#### [YOUR OBJECTIVE]
Retype the whole listing exactly. Leave out pictures.
---- COLLECTED DATA
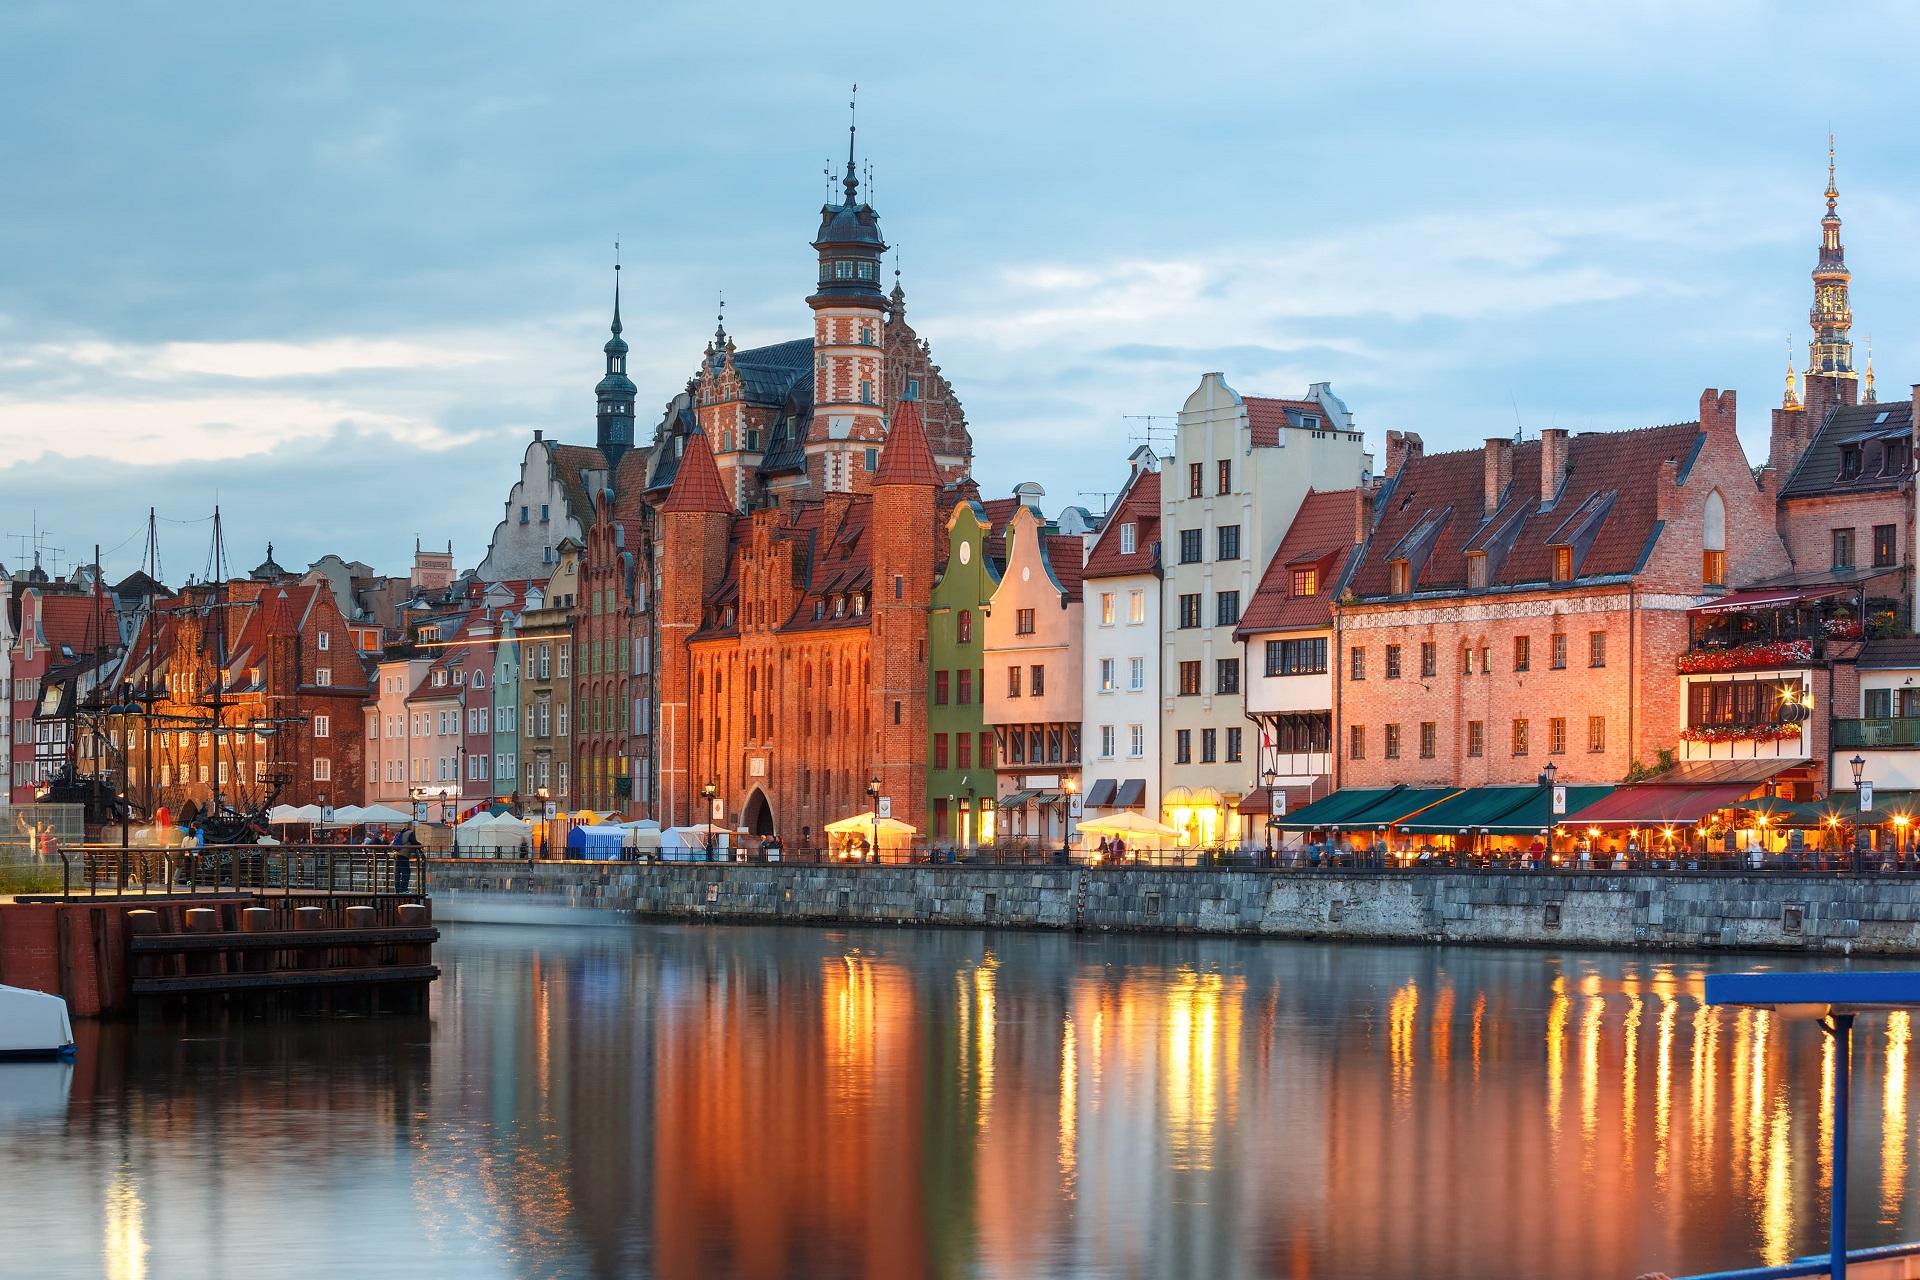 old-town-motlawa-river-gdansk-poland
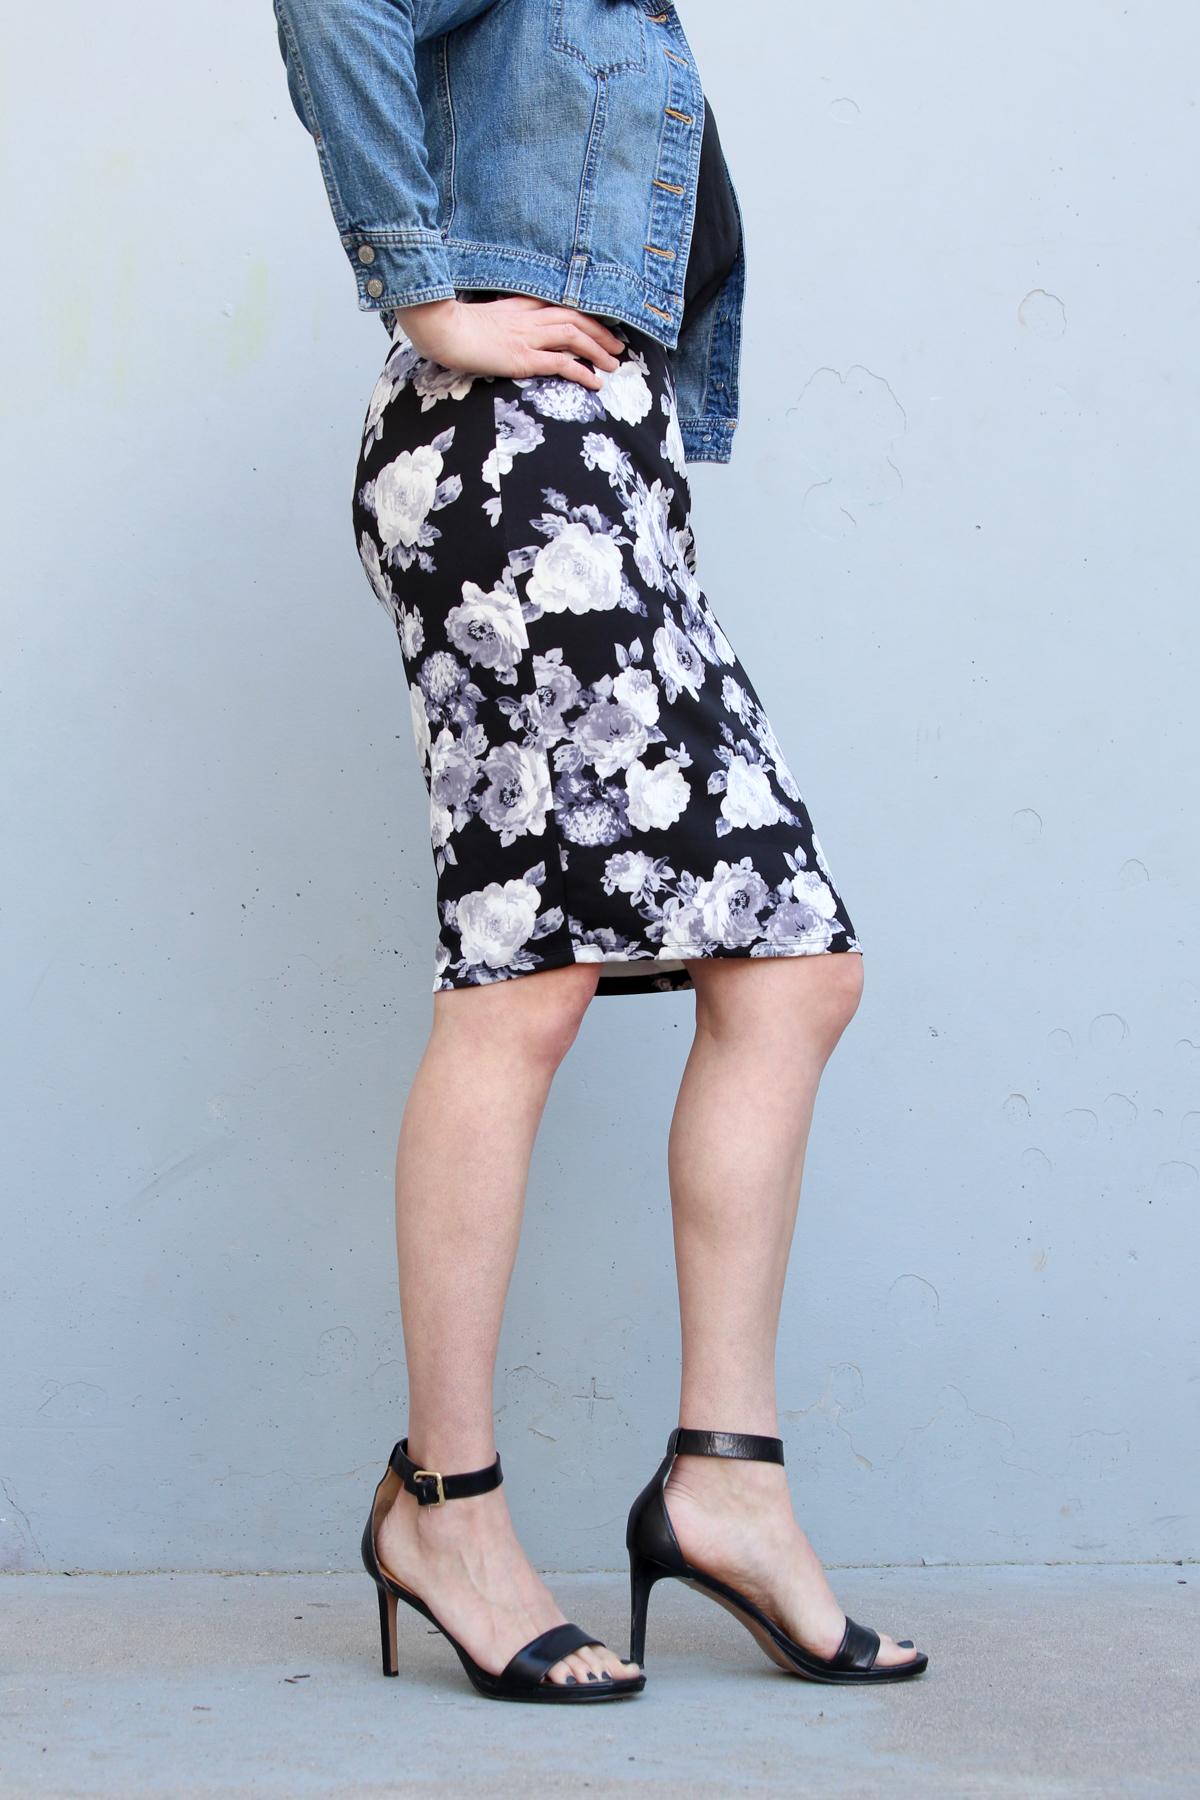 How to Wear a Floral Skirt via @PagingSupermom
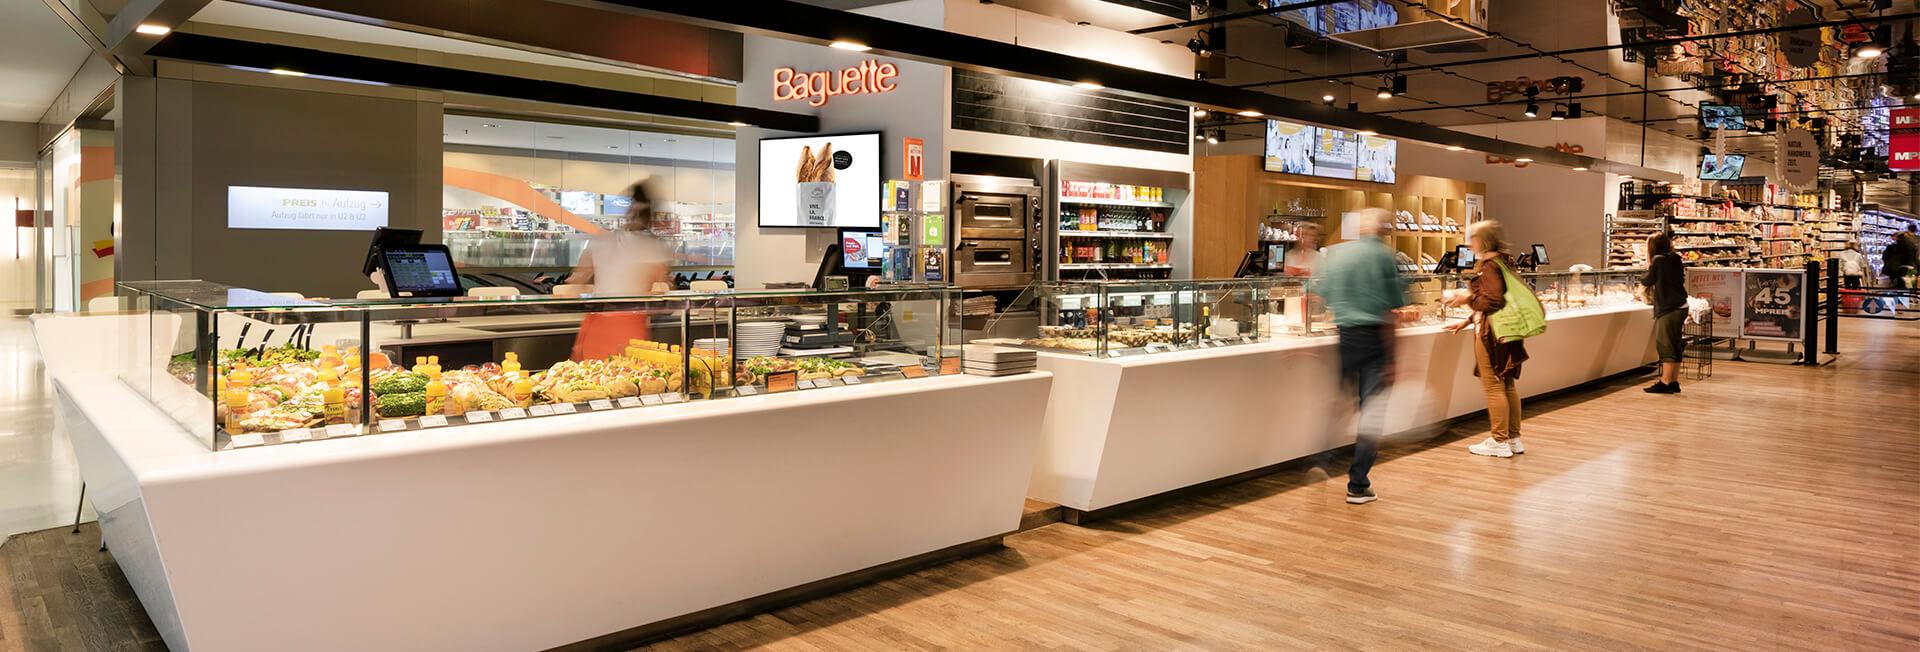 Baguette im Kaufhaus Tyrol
--------
#### [ANSWER TO THE EXERCISE]
 old-town-motlawa-river-gdansk-poland
 How to Wear a Floral Skirt via @PagingSupermom
 Baguette im Kaufhaus Tyrol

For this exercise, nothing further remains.